– Как вы быстро закончили встречу, – удивленно проговорила Вера, – я думала, вы часа три будете его уговаривать. А тут и часа не прошло – а вы уже позвонили и сказали, что едете ко мне. Неужели сорвалось? Мне казалось, я все учла, все просчитала…
Шарков с удовольствием смотрел на ее худощавую невысокую фигурку в малиновом спортивном костюме, на тонкое красивое лицо, обрамленное вьющимися небрежно сколотыми волосами. Очки в удачно подобранной оправе делали Веру одновременно строже и женственнее. Когда она повернулась к генералу спиной, чтобы достать из шкафа тапочки, он с изумлением увидел на курточке огромный, выложенный стразами череп.
– Верочка, что это у вас на спине? – не сдержался Валерий Олегович.
– Черепушка, – беззаботно откликнулась она. – А что? Вас это коробит?
– Да нет, просто вы такая строгая, такая элегантная всегда, и вдруг череп… Мальчишество какое-то.

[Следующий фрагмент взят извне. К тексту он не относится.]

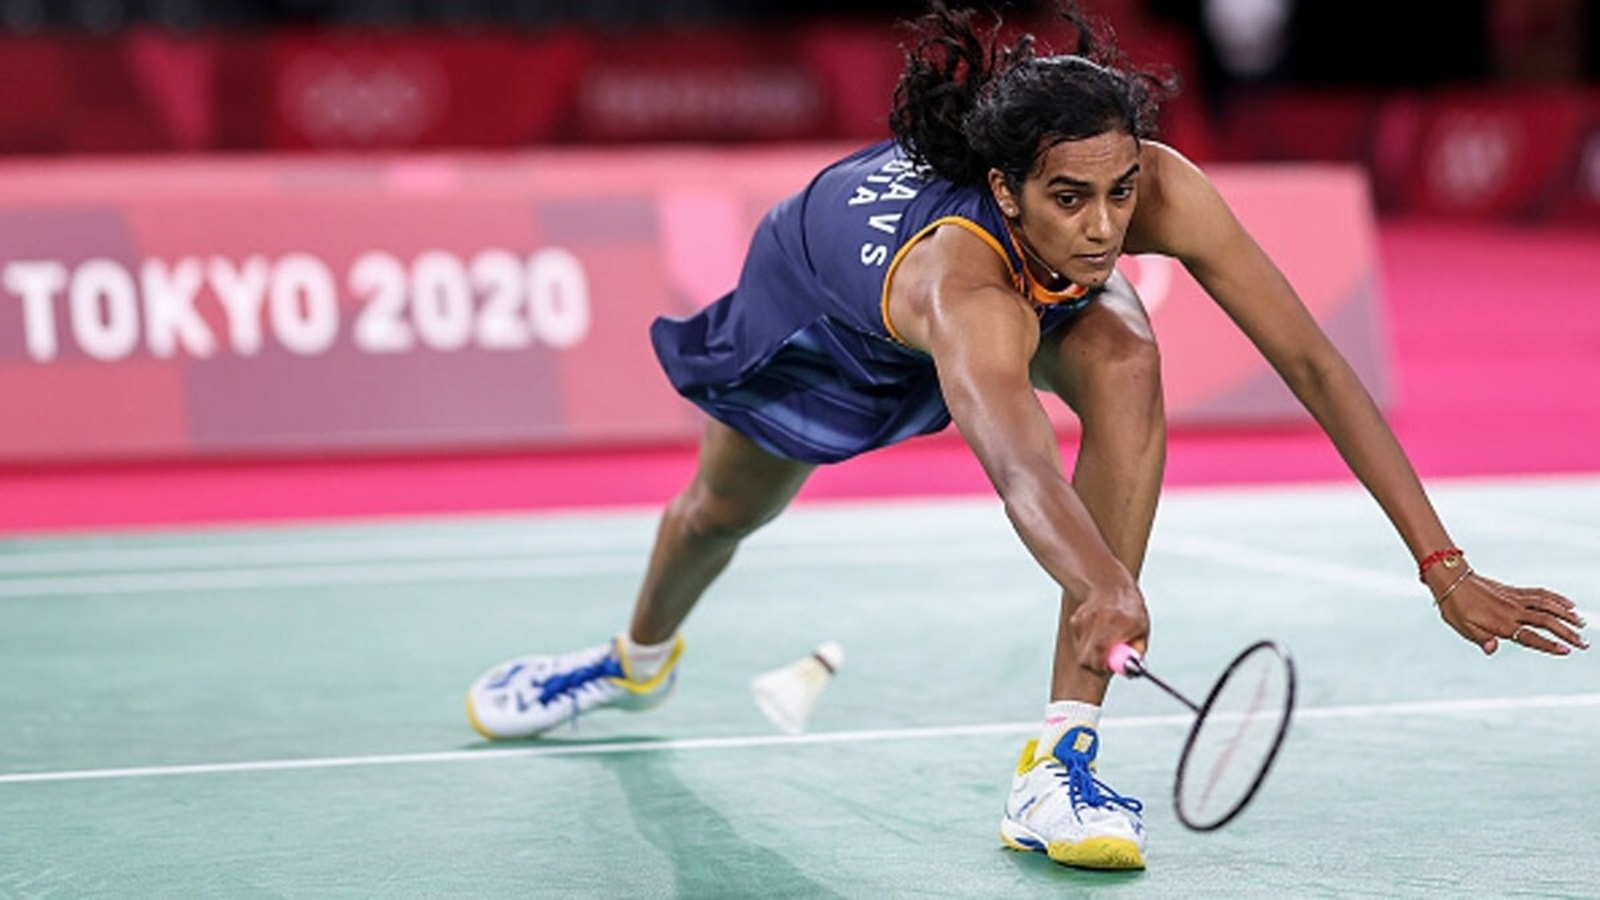 Tokyo Olympics 2020 PV Sindhu loses semi-final to Tai Tzu-Ying, to compete for bronze medal Olympics

– Ох, гражданин начальник, знали бы вы, сколько это мальчишество стоит! Даже сказать страшно. Самое смешное, что я этот череп не заметила, когда костюм покупала, мне цвет очень понравился, и деньги свободные в тот момент были, вот и купила, даже не задумалась, почему так дорого. А дорого оказалось как раз потому, что бренд известный, и череп – визитная карточка этого бренда. Проруха на старуху, ей-богу… Так что наш кандидат? Согласился сотрудничать или нет?
– Вера, ну о чем вы говорите! – улыбнулся Шарков. – Вы так тщательно проработали этого человека и так меня подготовили, что все прошло быстро и не больно. Вы были совершенно правы: для него оказалось самым принципиальным именно то, что мы не признаем и не допускаем никаких нарушений закона. Как только он услышал, что мы действуем строго в рамках существующего законодательства, про остальное можно было уже не говорить. Очень уж его наши коллеги обидели…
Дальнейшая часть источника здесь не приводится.